What you are asked to do: Reproduce the line with "Gulls gather on" and everything after it in the listing below, exactly, both ends included. No pictures.

Information shown:
Start of Block
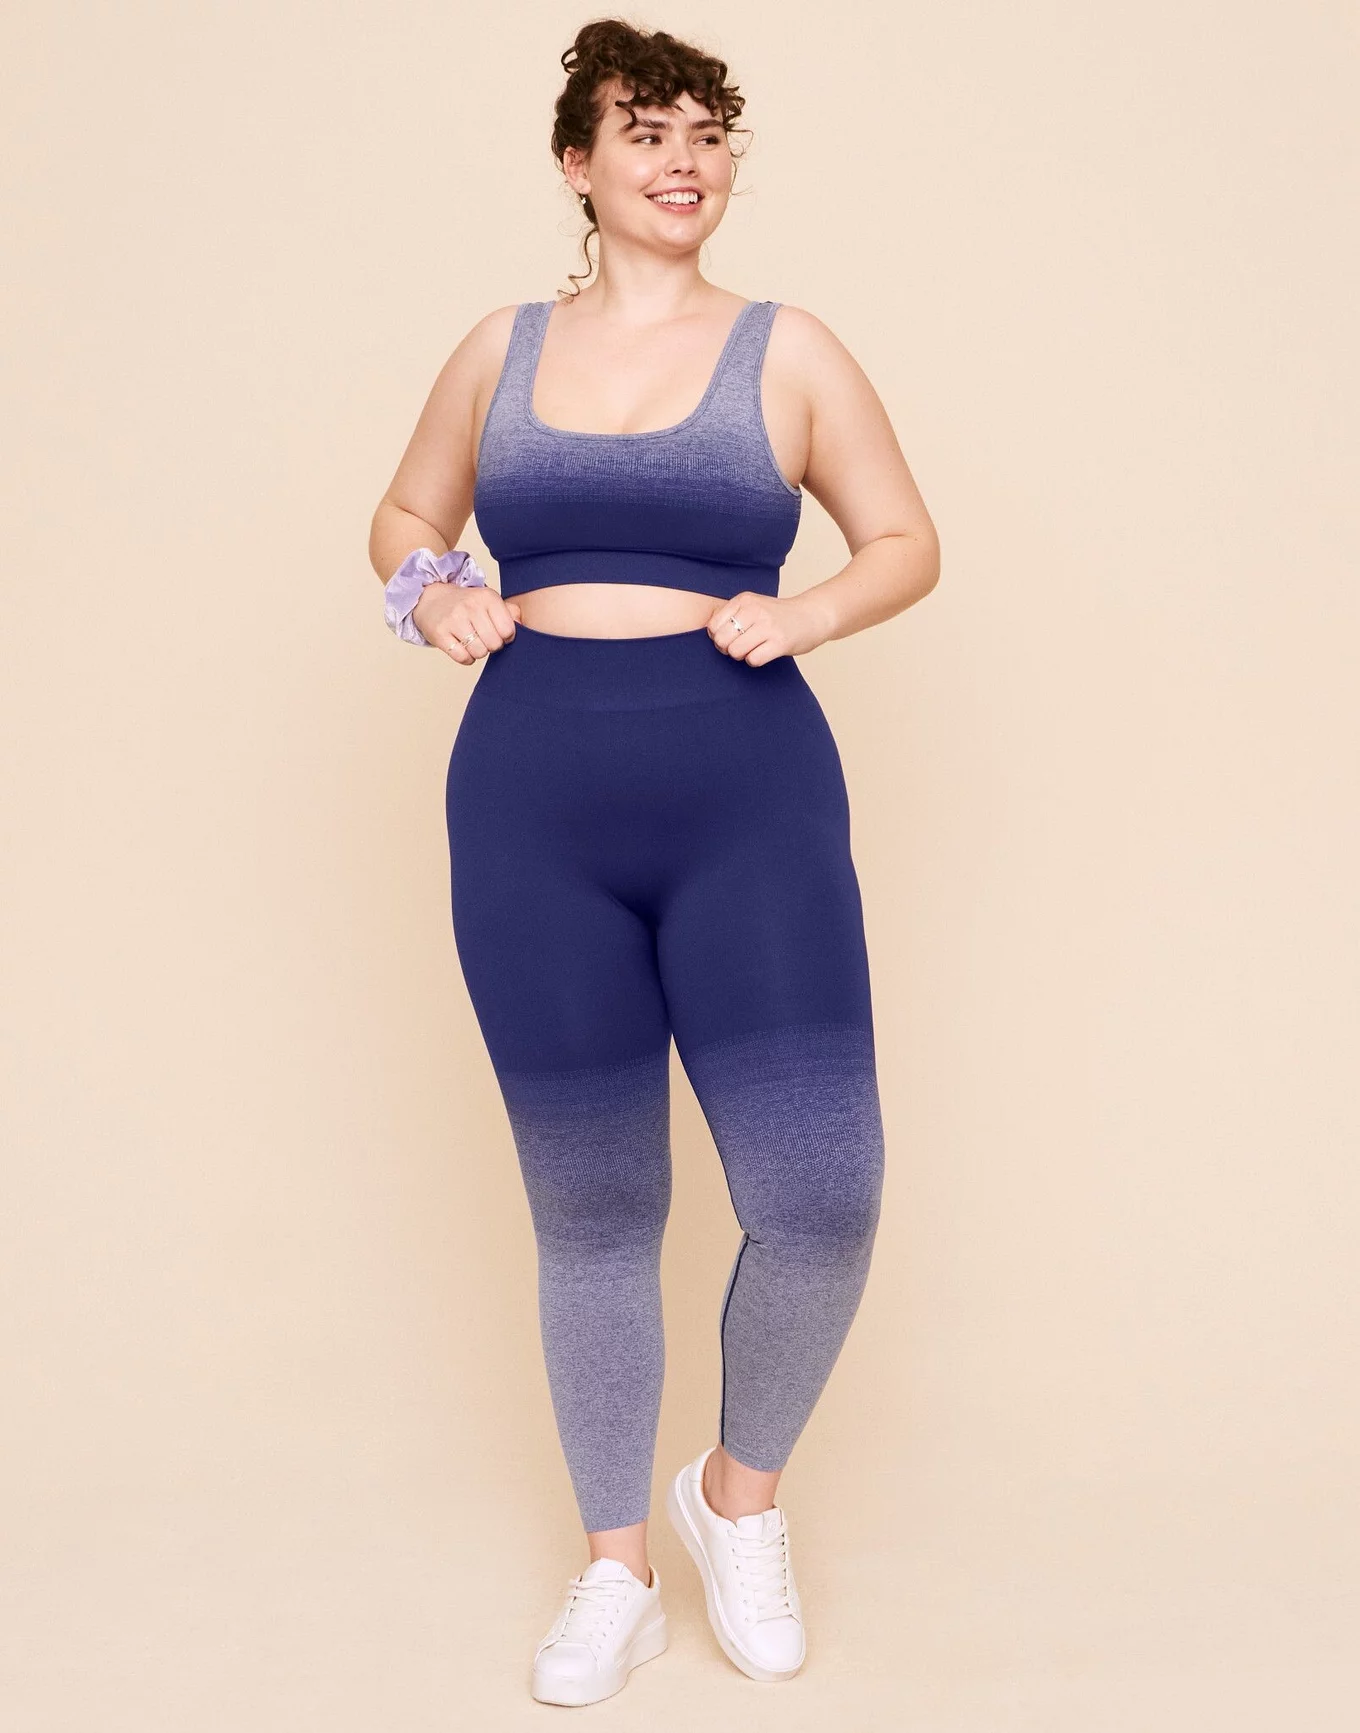 Shopee - Win a set of ombre sports bra and tights from
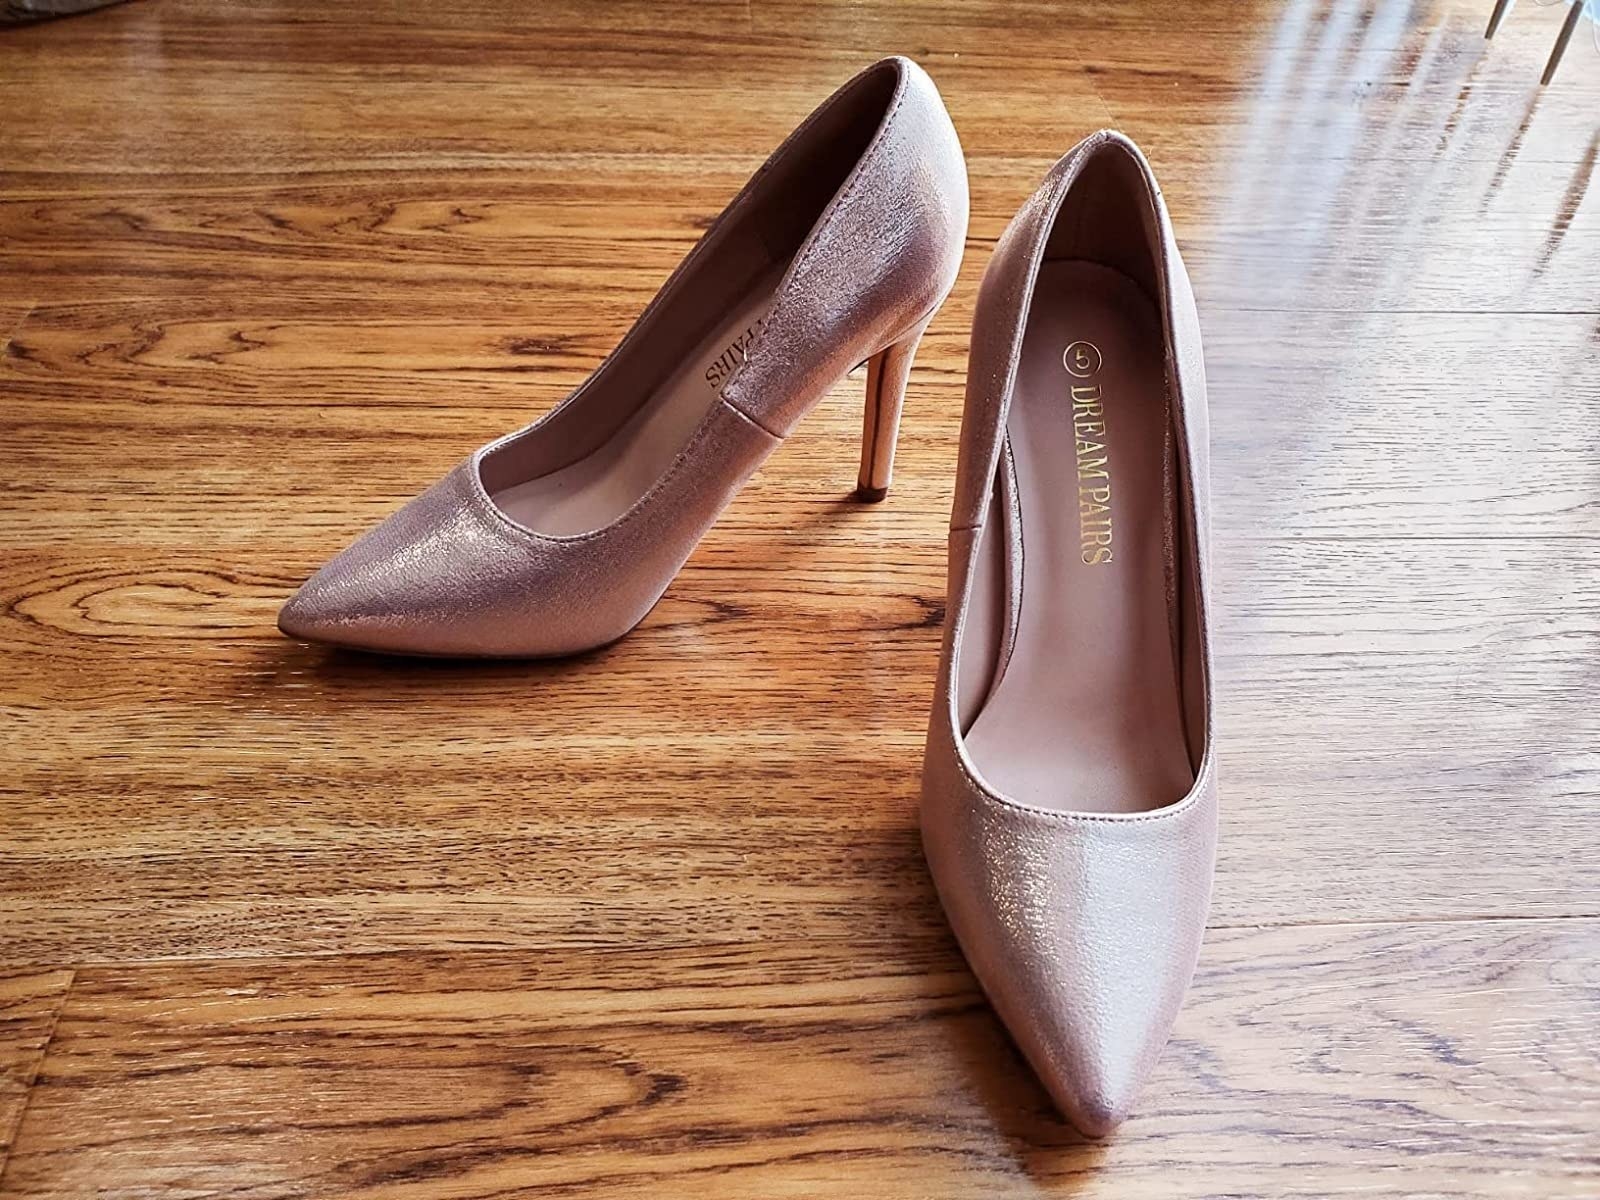 25 Pairs Of Heels That Reviewers Say Are Actually Comfortable
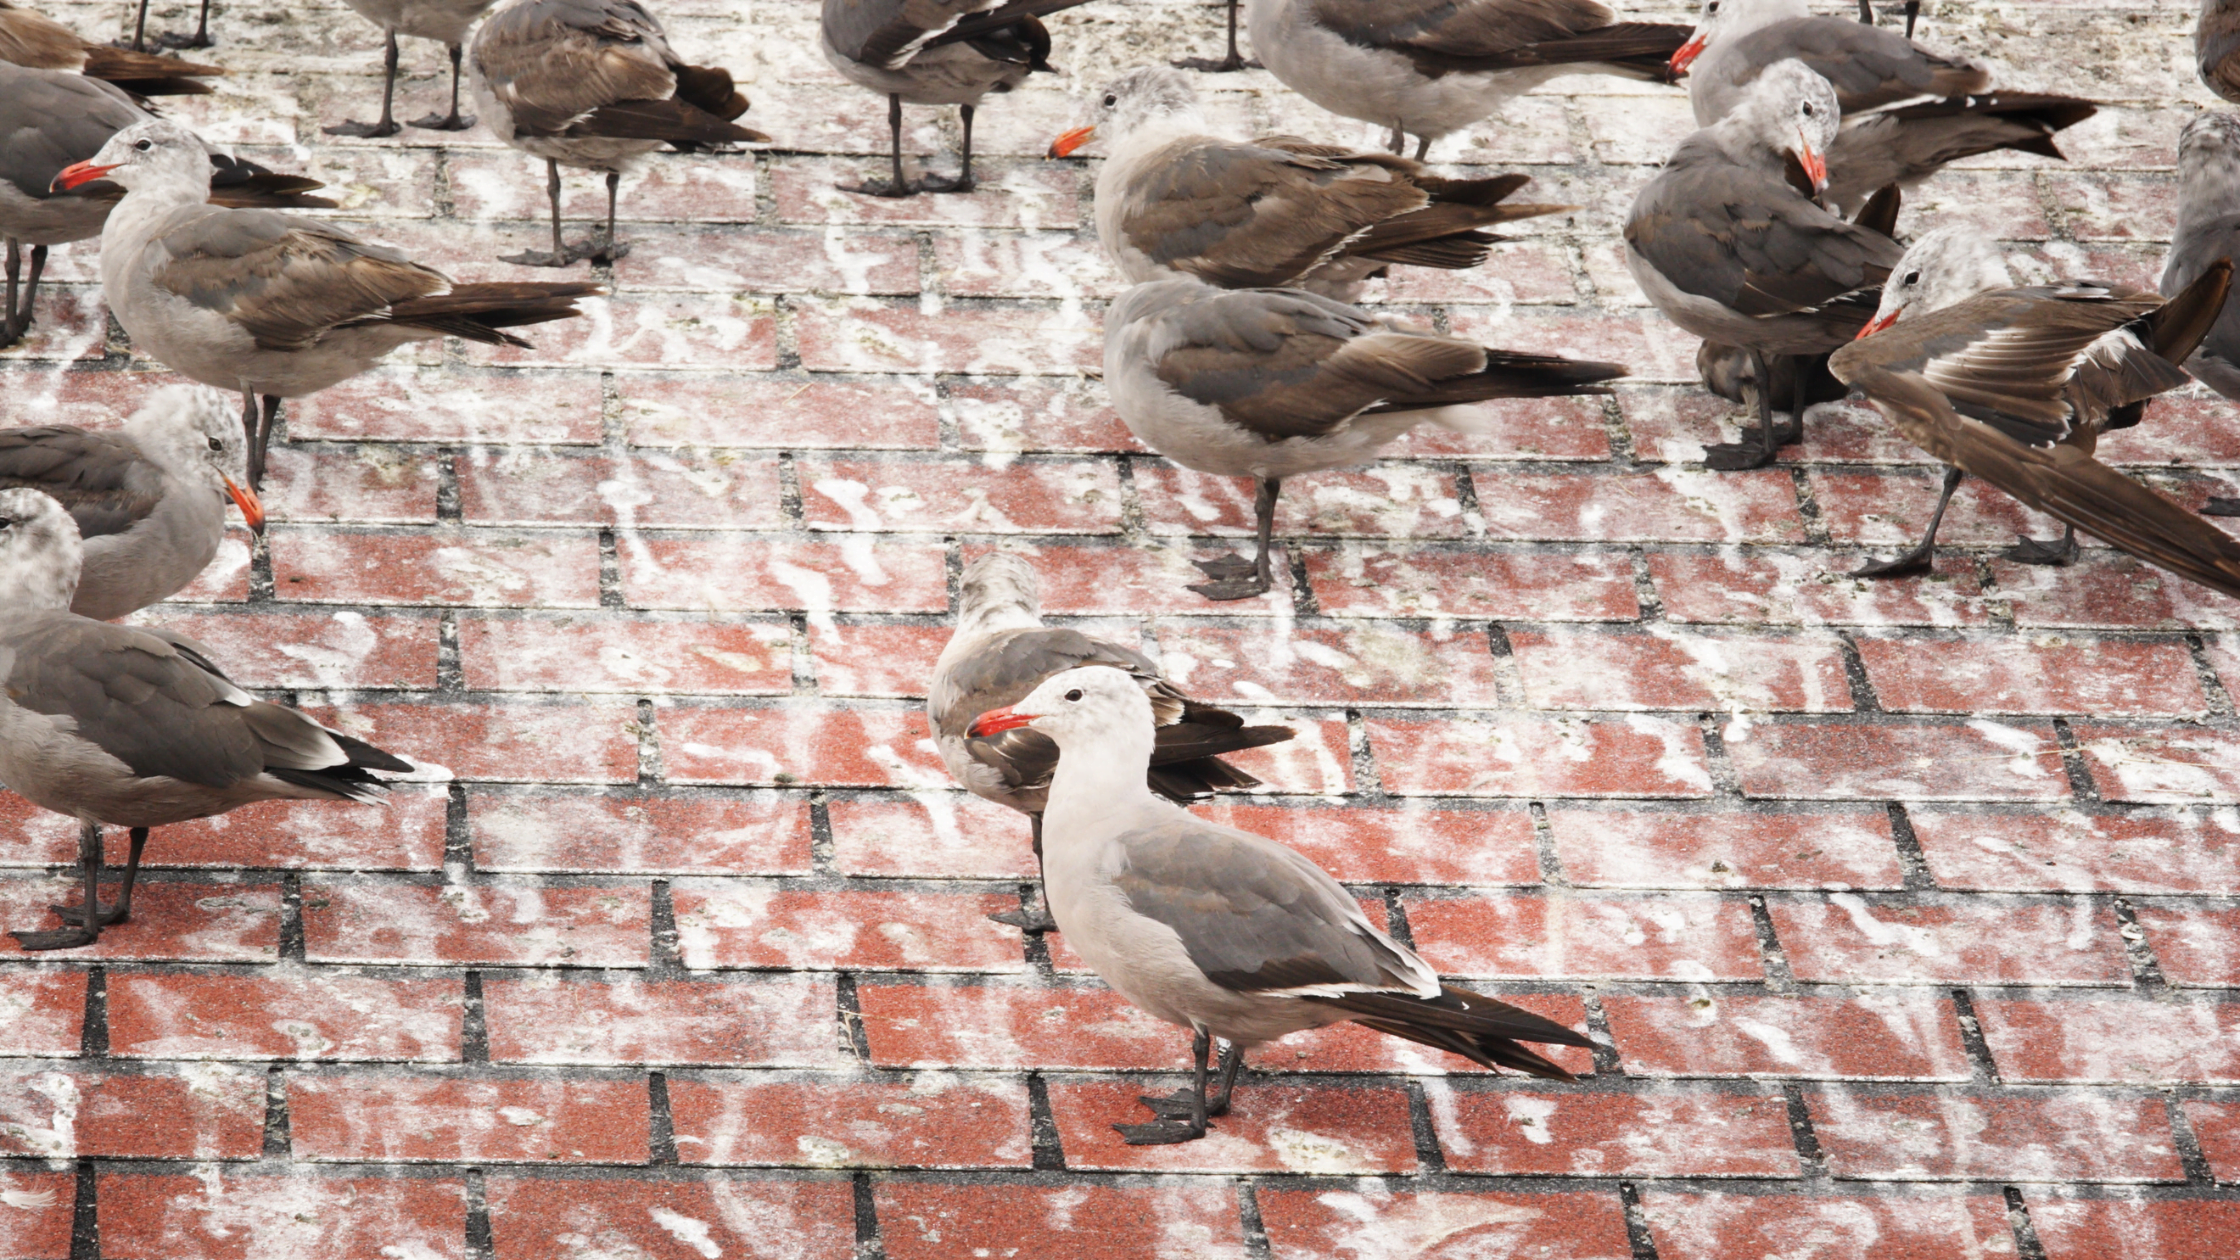 Gulls gather on paving that needs guano removal
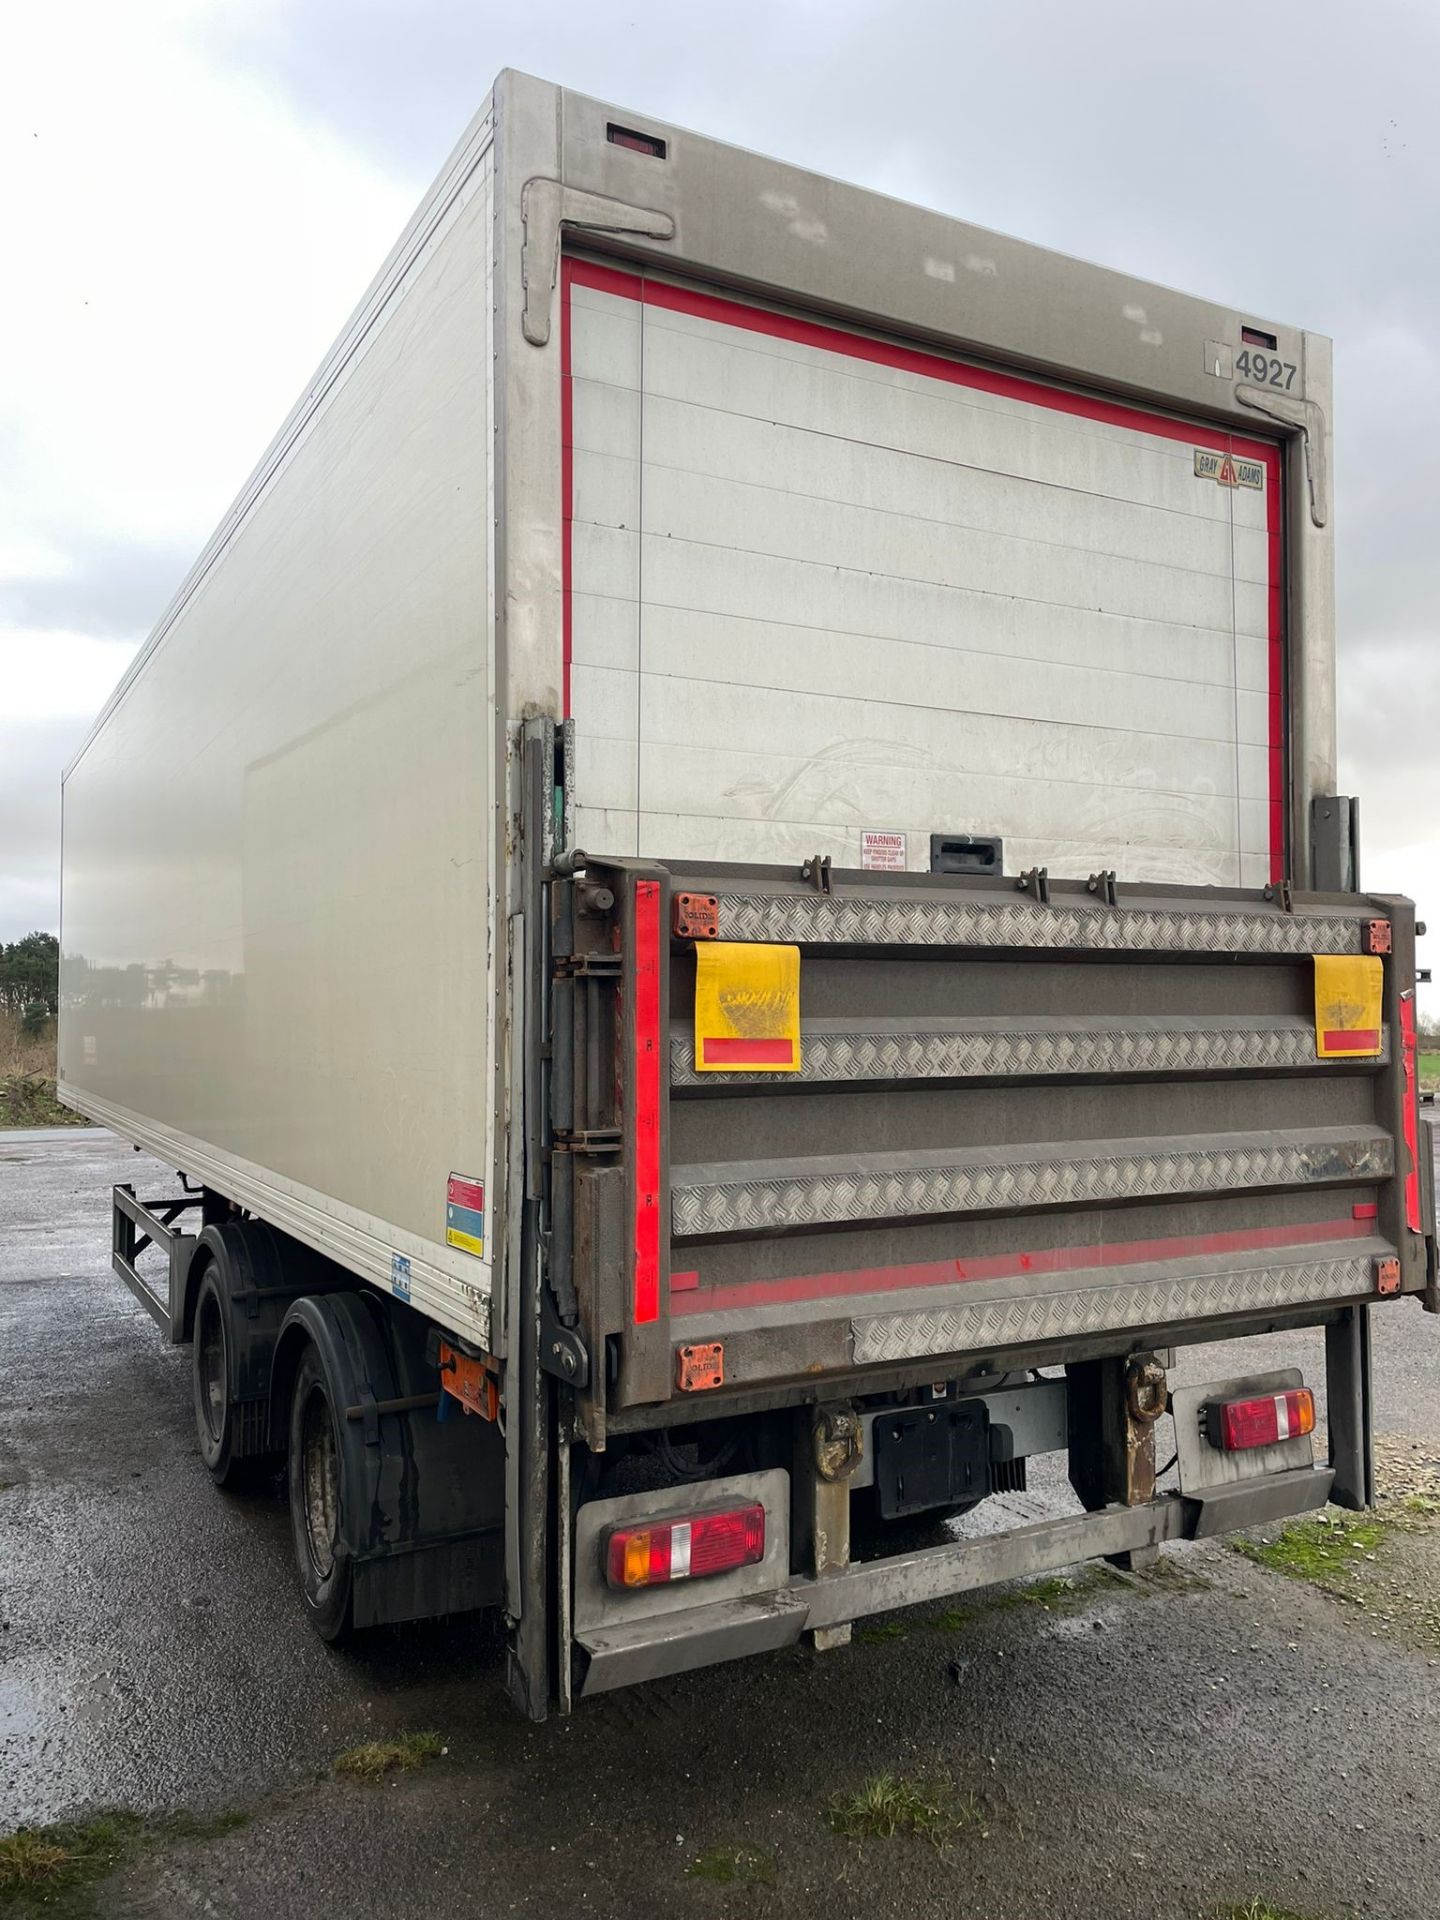 Trailer 4927 - 2013 G&A 10.4m Tandem Refrigerated Multi-Temp Trailer - Image 9 of 14
End of Block
Output of the task:
 Gulls gather on paving that needs guano removal
 Trailer 4927 - 2013 G&A 10.4m Tandem Refrigerated Multi-Temp Trailer - Image 9 of 14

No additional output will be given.